Writing Wednesday - Too Much Tension?

So most advice I see nowadays says to make sure you include conflict in every page, end every scene or chapter with a cliff-hanger, and end most or even all scenes with things getting increasingly worse for your characters. That can make a gripping page-turner (Hunger Games, some romances). But I think it has potential to get dull and predictable, and/or to be ridiculous.

Spoiler alert if you watched ABC Tuesday night about 3 weeks ago.

Now, I may have misunderstood this scene, seeing as I didn't even make it through the actual pilot episode of this superhero show, and haven't seen a full episode since. But I tuned in about 10 minutes before the end, and saw a shape-shifter (in the form of Hero) fighting with Hero in Hero's home. After a long fight, one of them finally goes down.

Some time later, Wife of Hero comes in the door. (At least, from the little I've seen of the show, that's what she seems to be primarily--not so much the Heroine.) Anyway, Wife sees Hero on the ground, apparently dead, and starts crying over her dead husband. Eventually Hero comes out FROM UPSTAIRS and explains that no, he's alive, don't be sad, etc.

I know television men are not much for cleaning up, but seriously, Hero, the polite thing to do would at LEAST be to leave your wife a note! "Sorry, honey; killed shapeshifter in living room. Will clean up later. Love, Hero." Even better would be to clean up the body, or at least be in the same room so your wife doesn't think you're dead.

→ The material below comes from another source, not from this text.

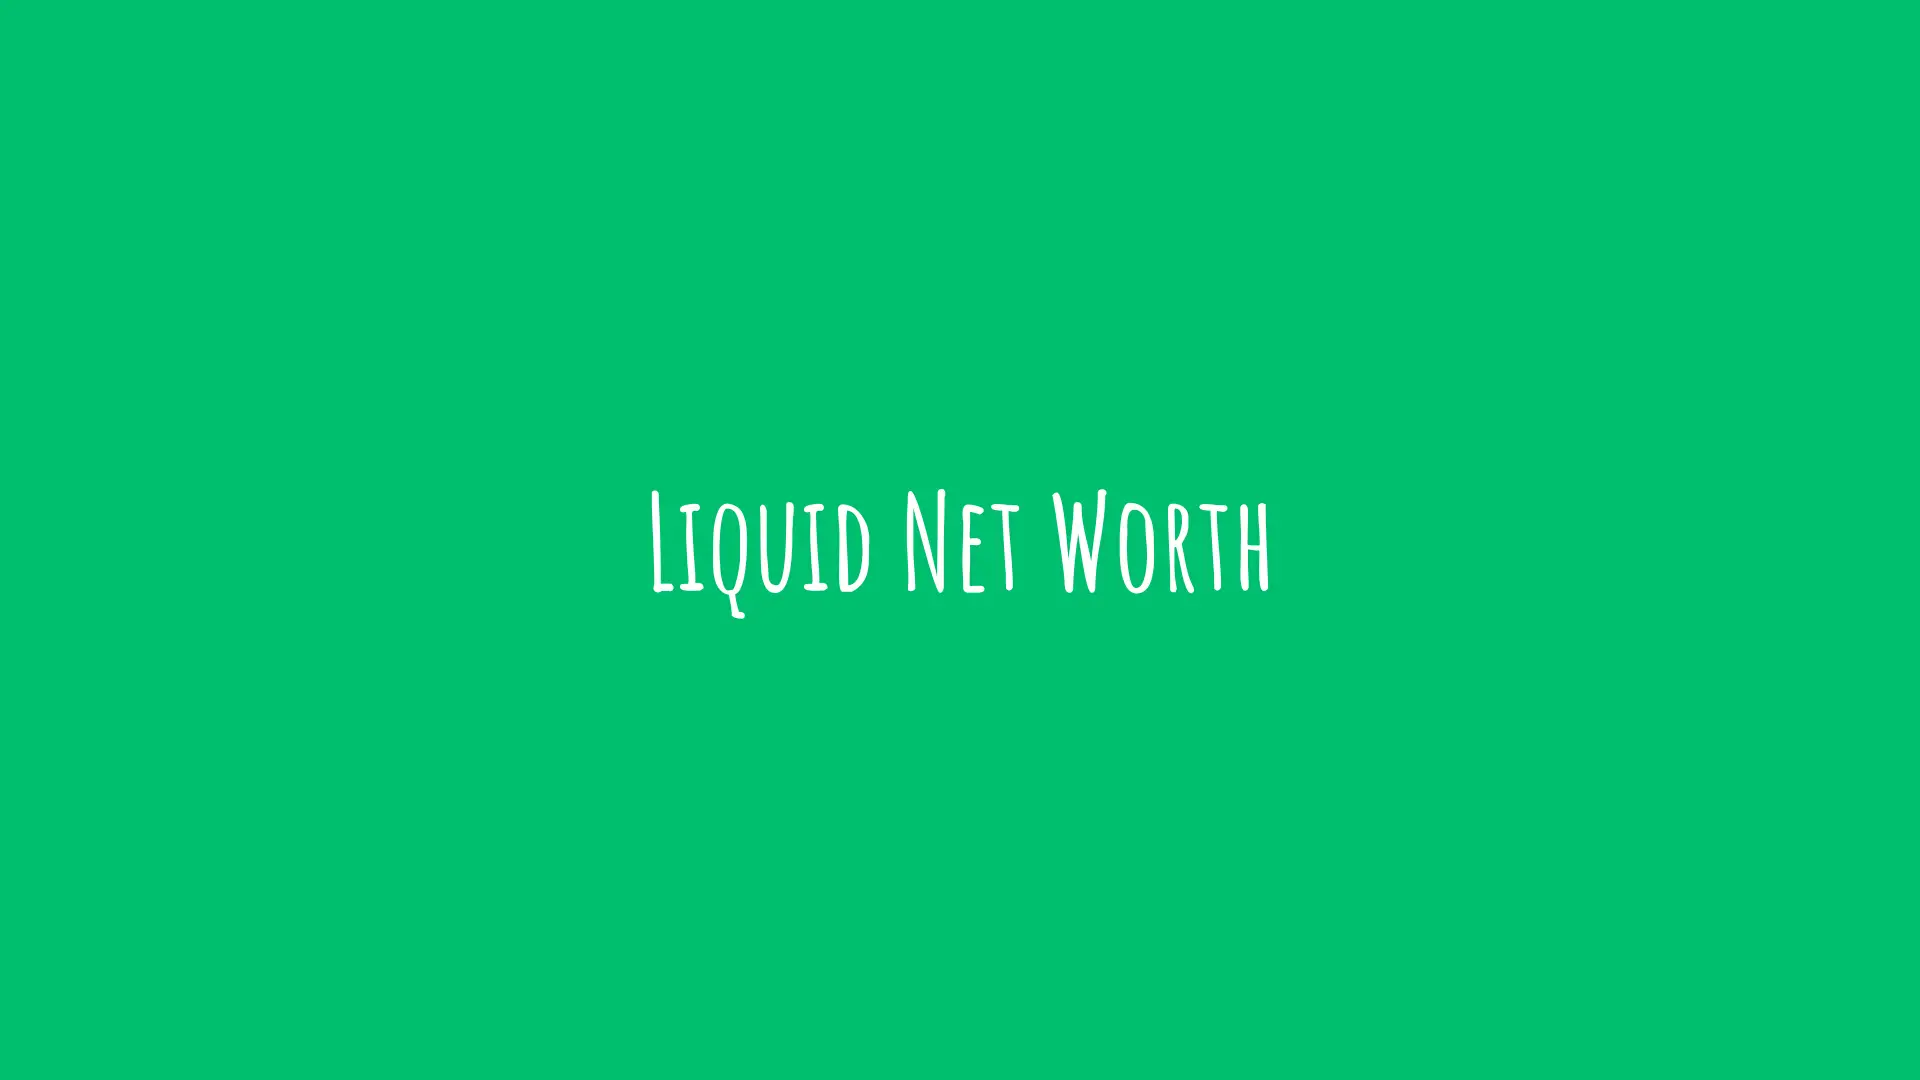 net worth vs. liquid net worth

If I saw that scene correctly, that was a trademark example of when supposedly "increasing the tension" is just plain gratuitous and silly.

In the show that followed, the female lead's long-lost divorced or separated husband finally returned to her life. After about 3 episodes, the pair were rekindling their love, it looked like they were going to be a family again, etc.

Right then, I figured lead's ex was not long for this world. Sure enough, by the end of the episode he was full of bullets (and yes, really dead...to date, anyway; characters on that show tend to rise again...).

So in that case, following the plan of "how can we make things worse for the characters" actually led to a certain predictability. I even found that true somewhat in Hunger Games, where you knew things just HAD to get worse, to the point where I got somewhat jaded to the horrors. As a Christian, I don't like when that happens.

Now, in fairness, most advice saying you should have "conflict" on every page specifies that by "conflict" they don't necessarily mean violence. But I don't know...one of the reasons I read (and write!) is to feel and share joy, and I feel like lately there's a really heavy focus on the drama and angst, with very little joy and wonder. Can't there be a balance? Of things I've read that were written fairly recently, I'd say maybe the first few Harry Potter books achieve this--the joy and wonder of the wizarding world coupled with some darkness. Romance novels can sometimes pull it off (again, I haven't read many, but they can couple horrific danger with the wonder of meeting one's soul-mate).

I don't know. Tough call. Do you think writers can take "tension" and "conflict" too far?